After releasing three more singles, and a video in April 2016 for the single Open Water, On June 24, 2016 Babinski released Steady Holiday's debut album, now officially titled Under The Influence, on Brooklyn label Infinite Best Recordings. The album was produced by Gus Seyffert, and features Josh Adams (Jenny Lewis) on drums. Dre described working with Seyffert as an incredible experience, telling a writer that the producer "has such a command over his space...I would have ideas and we were able to capture them in the moment."

Babinski would soon form a live band featuring Brijesh Pandya, Derek Howa and reuniting with brother Brad Babinski, who all came from the band Air Life, and Alina Cutrono, formerly of Alina Bea, and ex-Body Parts. In 2016, the band was hand-picked by Coachella founder Paul Tollet to play the festival, where they performed both weekends on the Gobi Stage. Soon after playing Coachella, the band would play a residency at Silver Lake venue The Satellite in support of the album.

In October, 2016, Steady Holiday was awarded the title "Best Solo Artist" in LA Weekly. In December 2016, Steady Holiday's Under The Influence LP was placed in the top 100 "best albums of 2016" on Bandcamp.

- Nobody's Watching
On August 24, 2018, Steady Holiday released Nobody's Watching on Barsuk Records, marking Babinski's 2nd LP as Steady Holiday.

- Take the Corners Gently
On October 16, 2020, Steady Holiday released Living Life, the first single from Take the Corners Gently, a new LP due February 2021 and produced by Blake Sennett. Described by Dre as possibly being "the most straightforward song I’ve written..." Living Life was released in conjunction with a video of the same name, and was characterized as "an anthem for not only living in the moment, but accepting the value in it" that falls "somewhere between a slowed-down 'Mr. Brightside' and the Twin Peaks theme," with NPR believing it draws inspiration from A Day in the Life by The Beatles. Living Life appeared on NPR's All Songs Considered in October 2020.

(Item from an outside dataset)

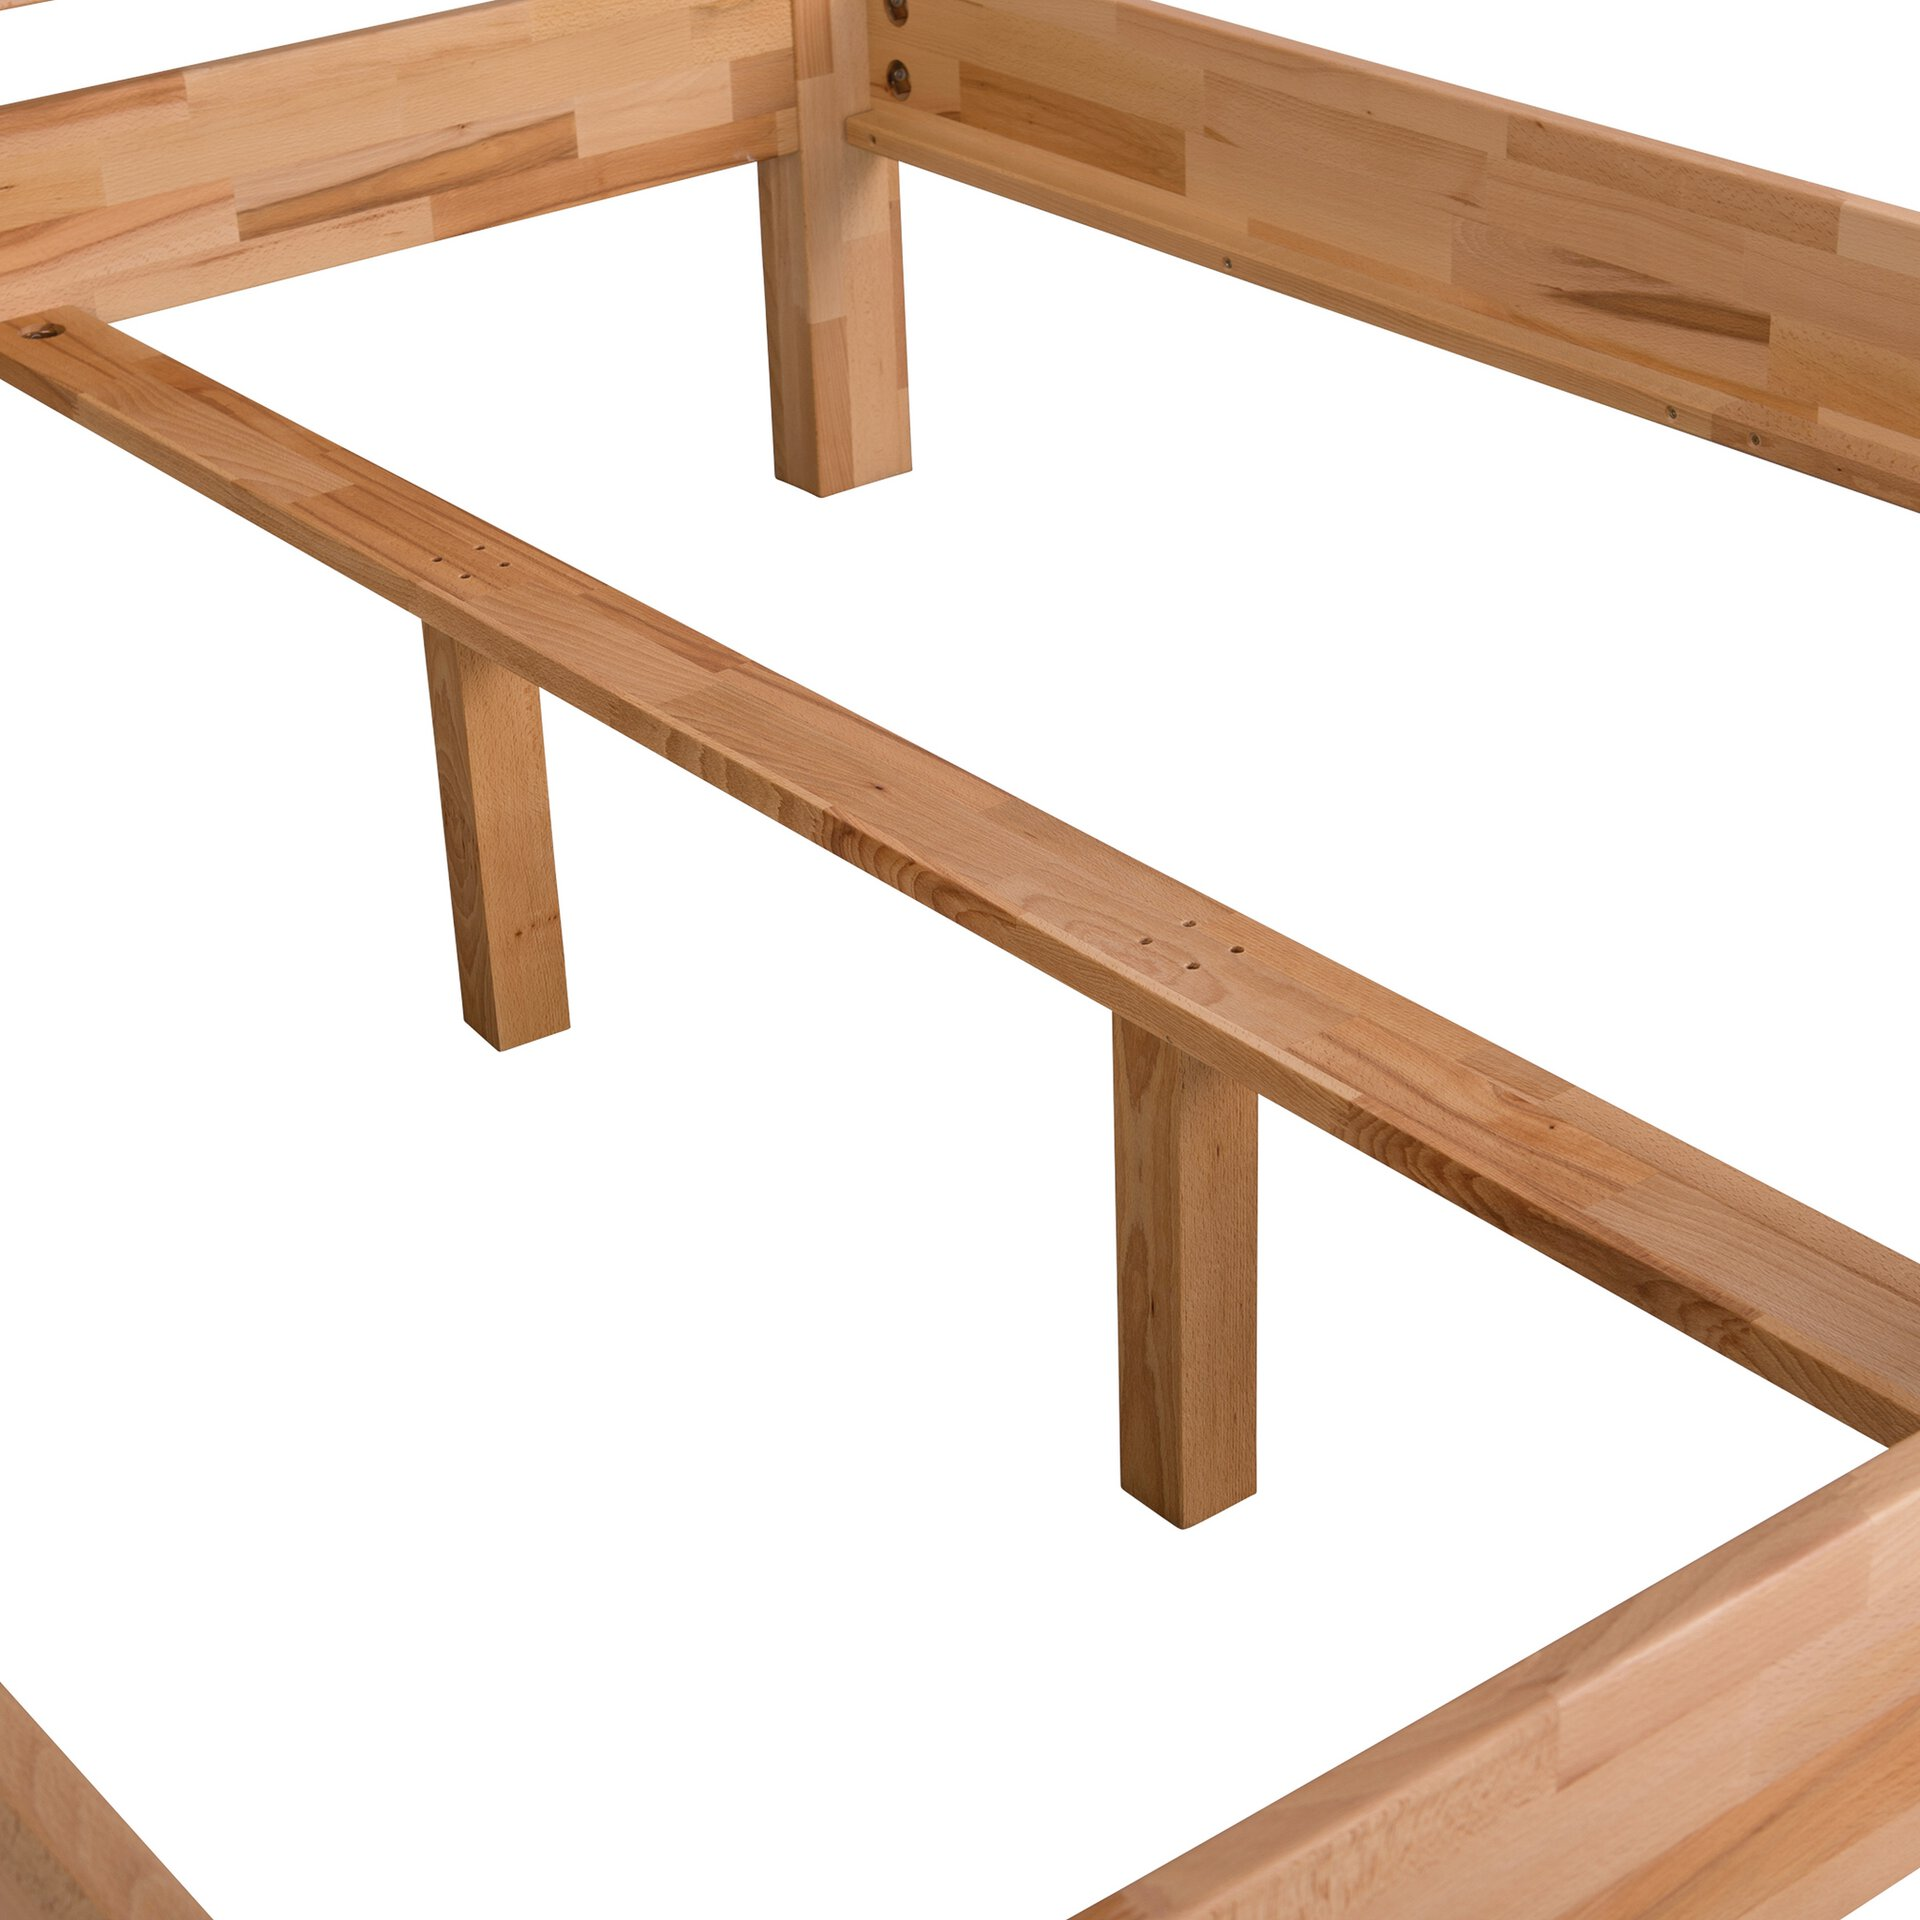 Bett BEETHOVEN Dreamoro Holz braun 180 x 99 x 200 cm

In November 2020, Steady Holiday released Tangerine, the second single from Take the Corners Gently, along with a music video and a short film. Babinski reflects on the song's meaning as "a song about mental illness — about witnessing someone’s behavior change without warning...and I’m still learning how to understand it. Sometimes that’s easier to do with abstractions. Like turning a difficult subject into a fruit..."

===Other work===
Between tours and recording sessions, Babinski has taken on small roles in film and television. Her screen work includes appearances in several music videos, and multiple commercials for products from Subway, Panera, Acura, QuickBooks, and Miller High Life.

==Style and influences==
Babinski's music is described by Billboard as having "sweet, sometimes sad melodies". The band has been compared to Portishead, and Stereolab, though Dre has described her influences as ranging from Leonard Cohen and Burt Bacharach, to the films of John Cassavetes and Gena Rowlands.

Often regarded for her visual style as well as her musical efforts, a spokesperson for Ford Modeling Agency has referred to Babinski's Instagram profile as having "fantastic taste". Babinski explains that her fashion is influenced by Ty Dolla $ign, and when composing imagery, prefers to be placed into "otherworldly" and "intricate" scenery.

==Personal life==
Babinski has been described by herself and others as having a "self-deprecating sense of humor", and in interviews has expressed difficulty in taking ownership of her success, and concern about the stress of her "own neuroses". Crediting her turnaround to a "personal evolution", Dre has since began taking her health seriously, and focusing on her relationships and awareness. While discussing Steady Holiday's Coachella performance, she tells a writer for Amy Poehler's Smart Girls, that in regards to her former outlook on life, "I wish someone would have thrown a bucket of water on me and explained that the ‘tortured artist’ cliche is just that."